Adolf Ludwig Follen: “Blücher’s Ball”

In the battle of Katzbach, which was fought on the 26th of August, 1813, the Russians and Prussians, under the command of the veteran Field-marshal Blücher, defeated the French, who were led by Macdonald, Ney, Lauriston and Sabastiani, and were driven pell-mell into the Katzbach.Skirmishes had previously taken place at Goldberg and Jauer.The day of the battle was rainy, and the soldiers fought with clubbed muskets.The poet represents the scene as a ball, under the direction of old Blücher, who had received, from his vigor and promptitude, the name of “Marshal Forward.”


Battle of Katzbach – Klein, 1825


By the Katzbach, by the Katzbach, ha!

There was a merry dance;

Wild and weird and whirling waltzes skipped

Ye through, ye knaves of France!


For there struck the great bass-viol

An old German man famed,

Marshal Forward, Prince of Wallstadt,

Gebhardt Lebrecht von Blücher named.


Up! The Blücher hath the ball-room

Lighted with the cannon’s glare!

Spread yourselves, ye gay, green carpets,

That the dancing moistens there!


And his fiddle-bow at first he waved

With Goldberg and with Jauer;

Whew!  He’s drawn it now full length,

His play a stormy northern shower!


Ha!  The dance went briskly onward,

Tingling madness seized them all;

As when howling, mighty tempests

On the arms of windmills fall.


But the old man wants it cheery,

Wants a pleasant dancing chime;

And with gun-stocks clearly, loudly,

Beats the old Teutonic time.


Say, who, standing by the old man,

Strikes so hard the kettle-drum,

And, with crushing strength of arm,

Down lets the thundering hammer come?


Gneisenau, the gallant champion:

Alemannia’s envious foes

Smites the mighty pair, her living double-eagle,

Shivering blows.


Ernst Moritz Arndt: “Field-Marshal Blücher”
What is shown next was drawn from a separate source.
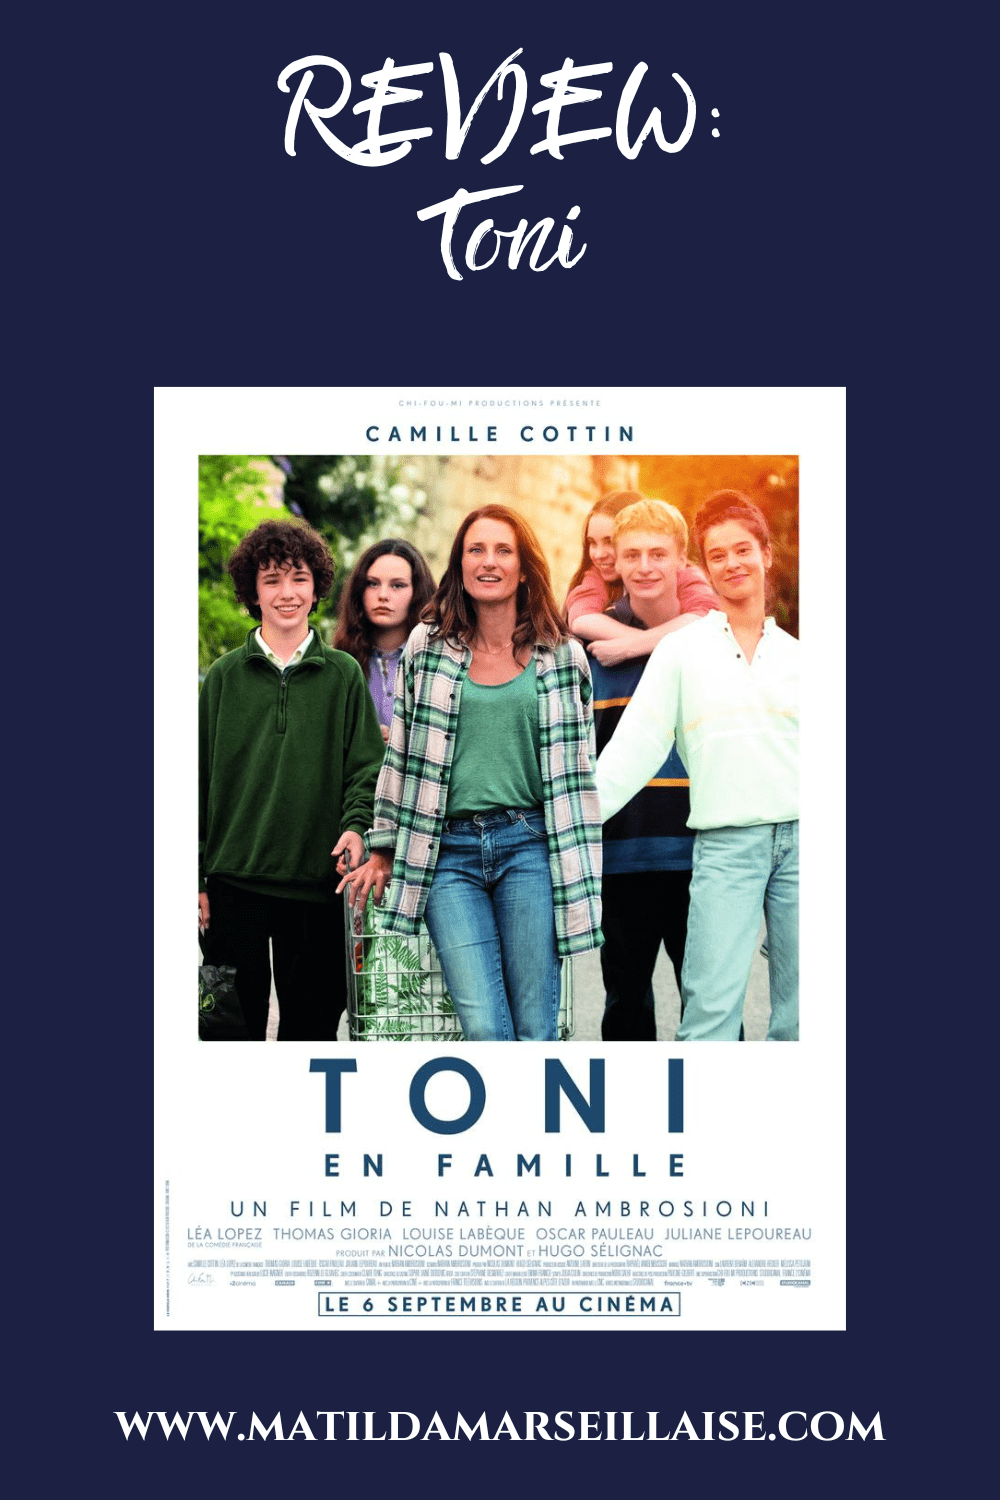 In Toni, Camille Cottin stars as a single mum of 5 exploring life’s possibilities after kids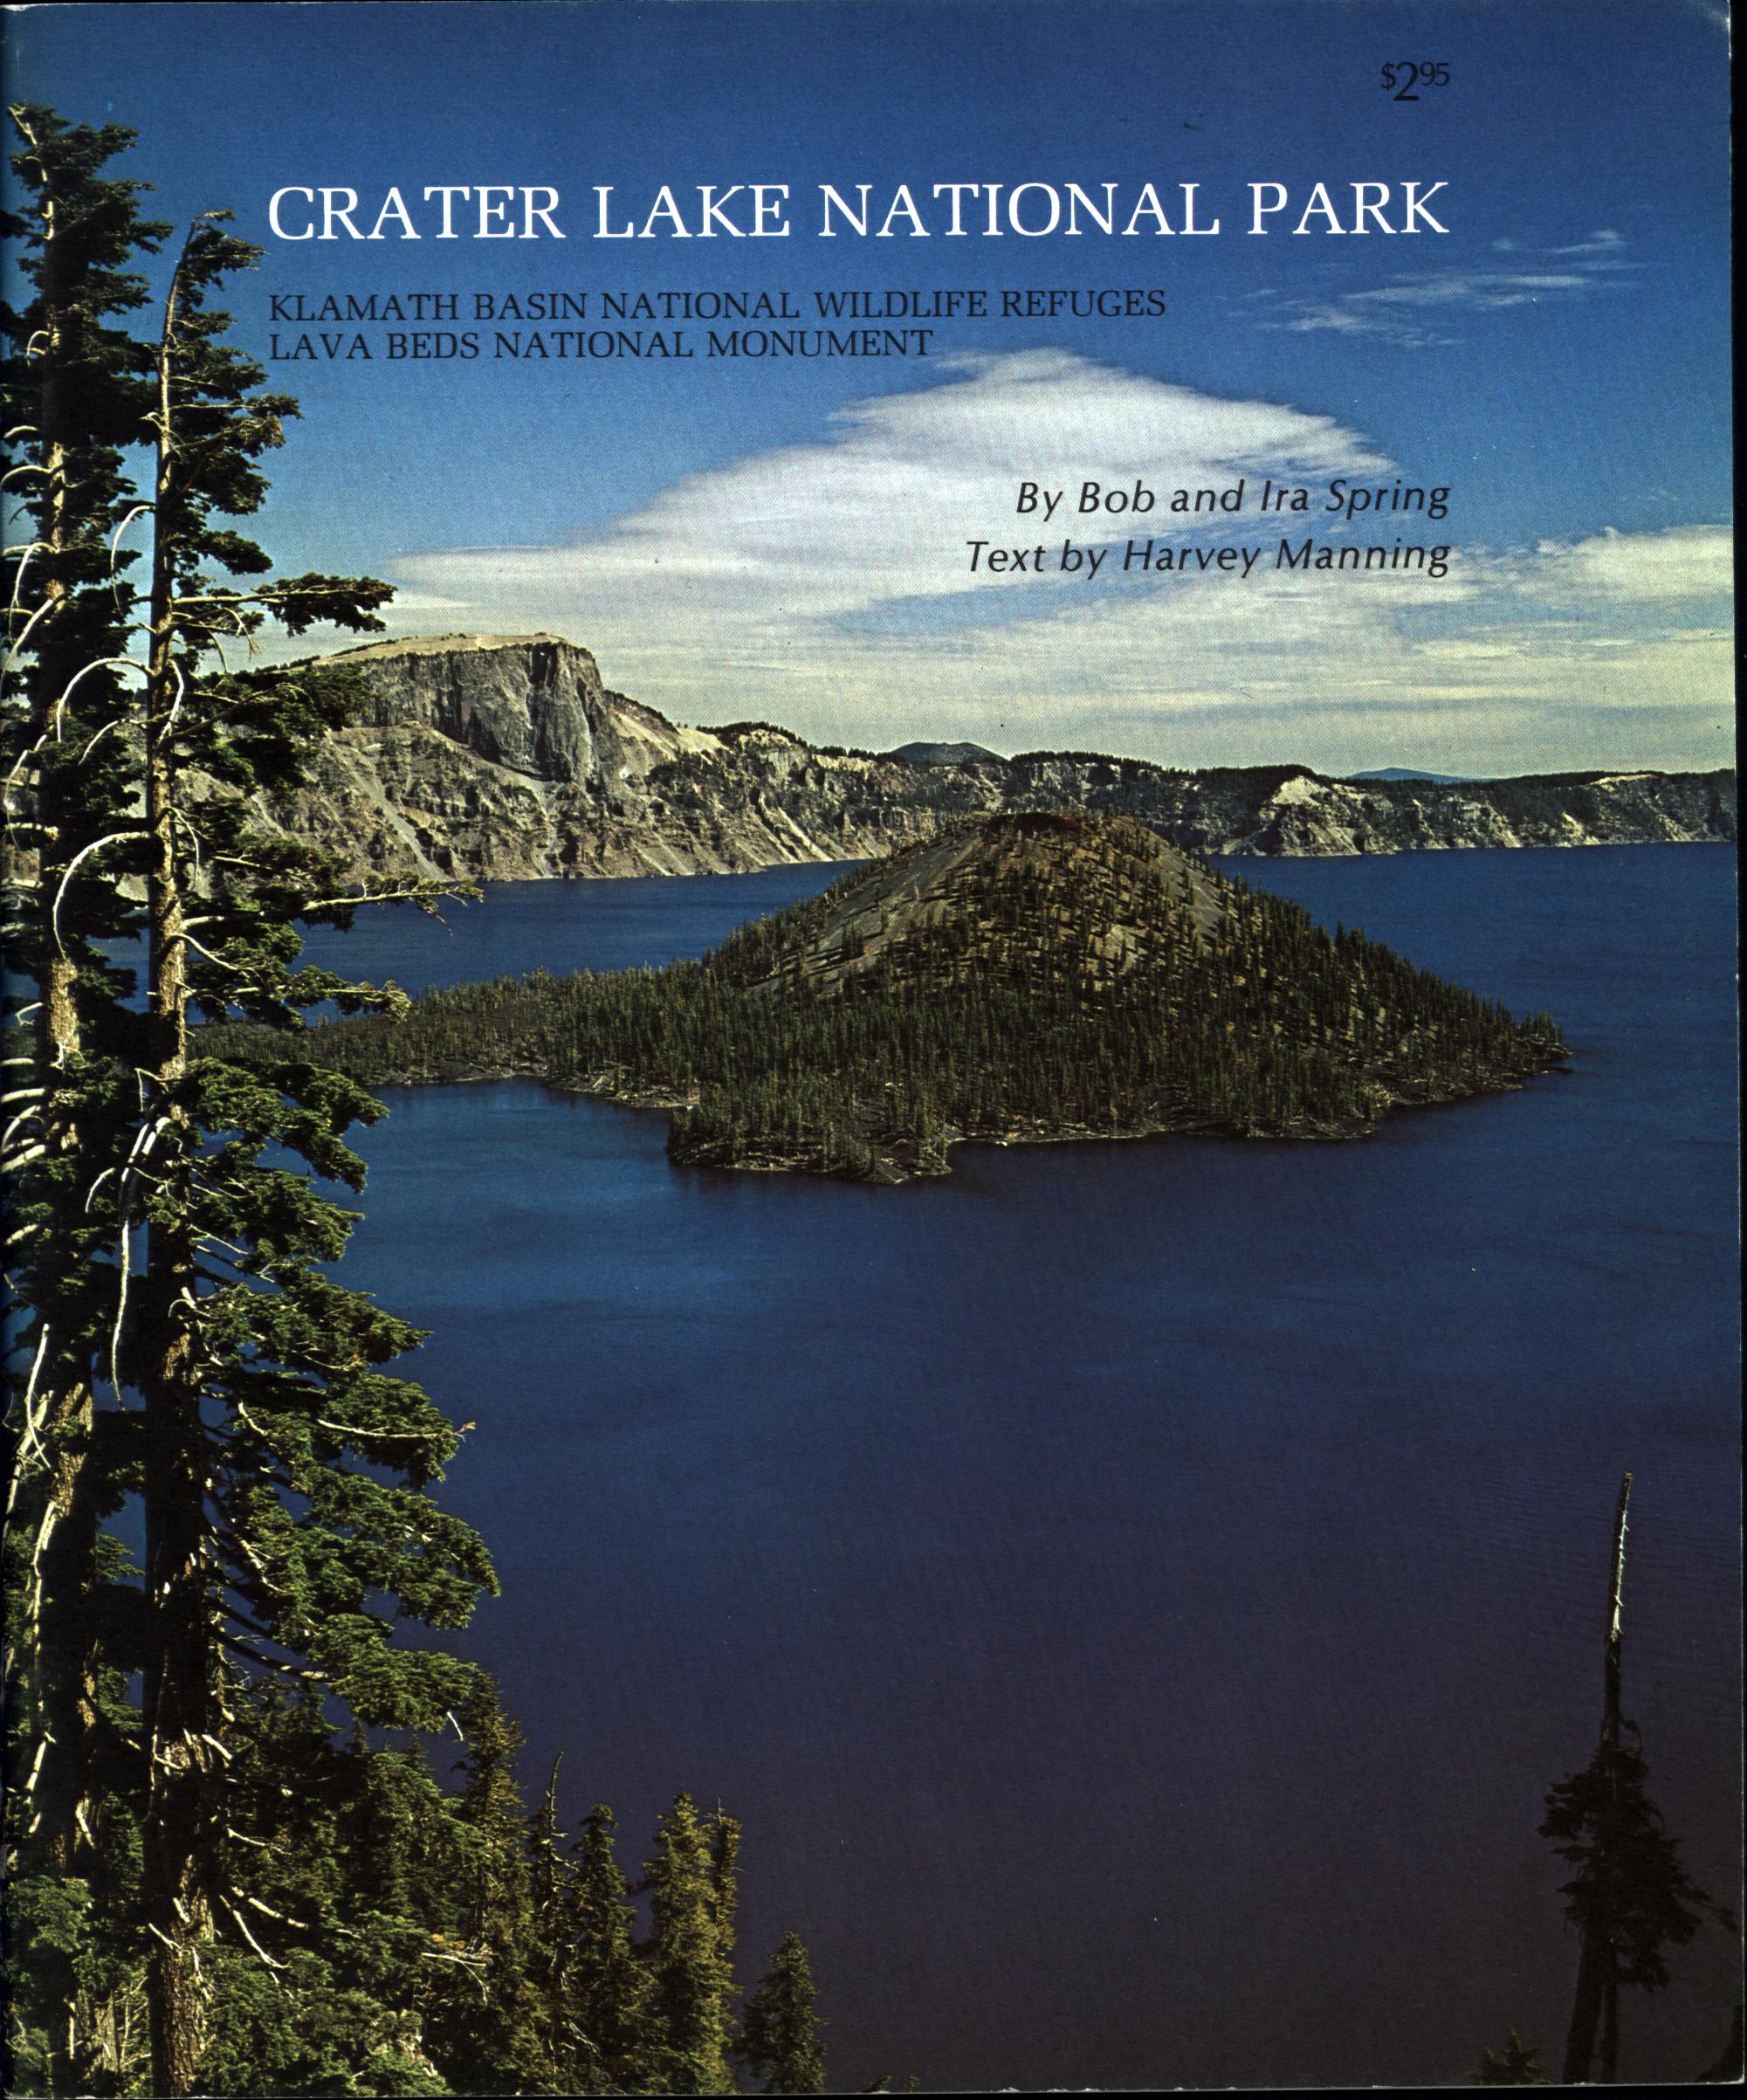 CRATER LAKE NATIONAL PARK (OR).

Excerpt, ” German Literature. Translated from the German of Wolfgang Menzel.” By C.C. Felton. 1840.
This patriotic writer was born 1769 at Schoritz in Rügen. Toward the end of the last century, he distinguished himself as a traveler, and by his published observations on Sweden, Italy, France, Germany, Hungary, etc. In 1806, he was appointed Professor Extraordinary of Philosophy at Greifswald. He was a vehement lover of liberty, and, though at first a favorer of Napoleon, became one of his bitterest opponents, as soon as he comprehended his designs of conquest.
A work published by him called “The Spirit of the Age” went rapidly through several editions, excited universal attention by the boldness of his attacks on Napoleon, and made it necessary for him to take refuge in Stockholm, whence he was unable to return until 1813. His writings which flowed in rapid succession exercised an immense influence upon the popular feeling.
Arndt is one of the most vigorous, animated and eloquent of the German writers. His prose works have had an extraordinary circulation and effect. His patriotic and popular poems and his war-songs are of distinguished excellence. They were published at Frankfort in 1815 and again at Leipsic in 1840.


Victory at Waterloo: Duke of Wellington and Field-Marshal Blücher.

Field-Marshal Blücher


Why are the trumpets blowing?  Ye hussars, away!

‘T is the Field-Marshal rideth, with flying fray;

He rideth so joyous his mettlesome steed,

He swingeth so keenly his bright-flashing blade!


His oath he hath redeemed; when the battle cry rang.

Ha! The old boy! How to saddle he sprang!

It was he who led off the last dance of the ball;

With besom of iron he swept clean the hall!


At Lützen, on the mead, there he struck such a blow,

That end with the fright stood the hair of the foe,

That thousands ran off with hurrying tread,

Ten thousand slept soundly the peace of the dead!


At Katzbach, by the stream, he there played his part;

He taught you, O Frenchmen, the swimmer’s good art!

Farewell to you, Frenchmen, away to the waves!

And take, ye sans-culottes, the whales for your graves!


At Wartburg, on the Elbe, how before him all yielded!

Nor fortress nor castle the Frenchmen shielded;

Again they must spring like hares o’er the field,

And the hero’s hurrah after them pealed.


At Leipsic, on the mead, – O, honor’s glorious fight!

There he shattered the fortunes of France and her might;

There lie they all safely, since so hardly they fell;

And there the old Blücher played the field-marshal well.